We boarded the bus and bumped along until we arrived at Silk Grass Village. For some reason, they didn’t know we were coming, so the residents helped us set up the clinic in the community building. The people are very friendly and speak British English, so I’m having a little trouble understanding their accent. I found two children who would like to be pen pals with my Bible Club children back home, so that was fun!

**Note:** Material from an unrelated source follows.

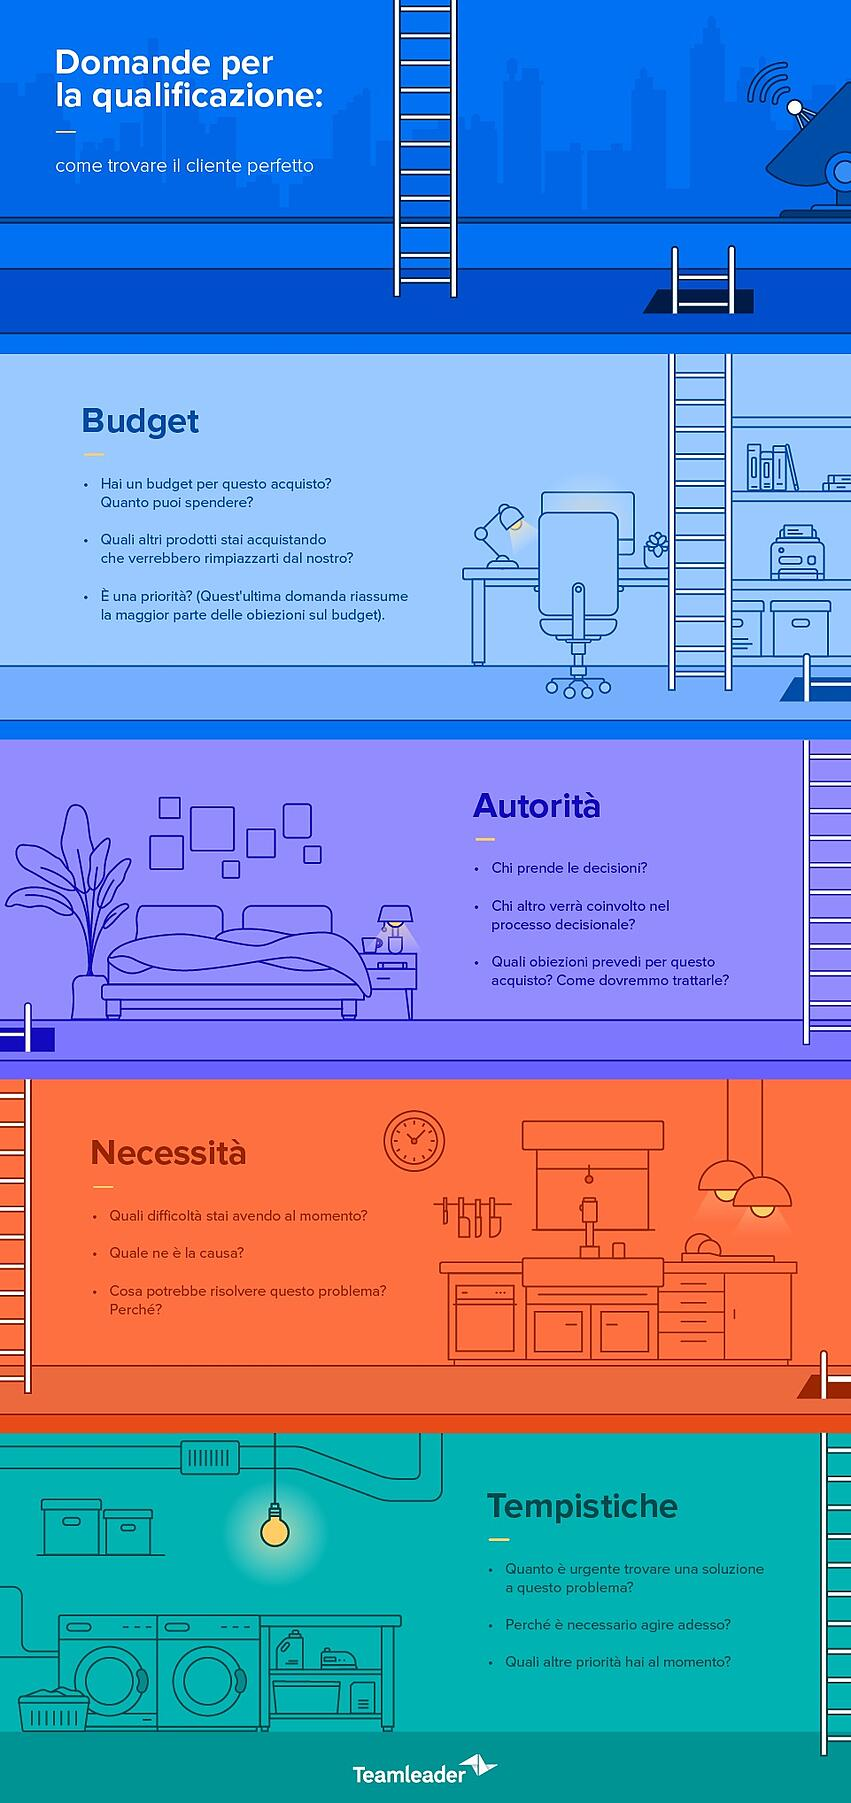 Blog3_QualifyLeads_Infographic_IT.jpg

A kind lady made stew for us for lunch which we ate in her kitchen. Their homes are built on stilts and have shuttered windows without screens. The mosquitoes are plentiful and biting! We saw about 50 patients in the clinic today, so it was quiet compared to the clinics in Honduras. But I guess that isn’t too bad, considering they didn’t know we were coming!

Our first clinic was held in Silk Grass Village Community Center

Our first clinic was held in Silk Grass Village Community Center

7 Pam checks boys temp

I check a boy’s temperature.

Dinner back in Dangriga under the tent was excellent with chicken and rice, and broccoli cheese soup. Larry was able to find another place for us ladies to stay at a small hotel in town. It’s a simple place above a bar and restaurant with a co-ed bathroom down the hall from our room. Judy and I fell into bed at 10 p.m. What a long day!

Reflection

Next post, I will continue to tell you about our other clinic days. My flexibility was tested to the limit in this rather rough start to this mission trip between the delayed plane, lost luggage, and difficult sleeping quarters. It seems like adjusting to frequent change is a way of life. The one constant is the Lord Jesus Christ.

These verses in Hebrews 13:5-6, 8 have comforted and encouraged me so many times:

Let your manner of life be without covetousness, and be content with such things as ye have; for He hath said, I will never leave thee, nor forsake thee. So that we may boldly say, The Lord is my helper, and I will not fear what man shall do unto me….  Jesus Christ, the same yesterday, and today, and forever.

From what I have read, Belize has made good progress in their infrastructure since I was there in 1990. It has now become a popular retirement place for expats because of its warm location on the Caribbean Sea and being an English speaking nation.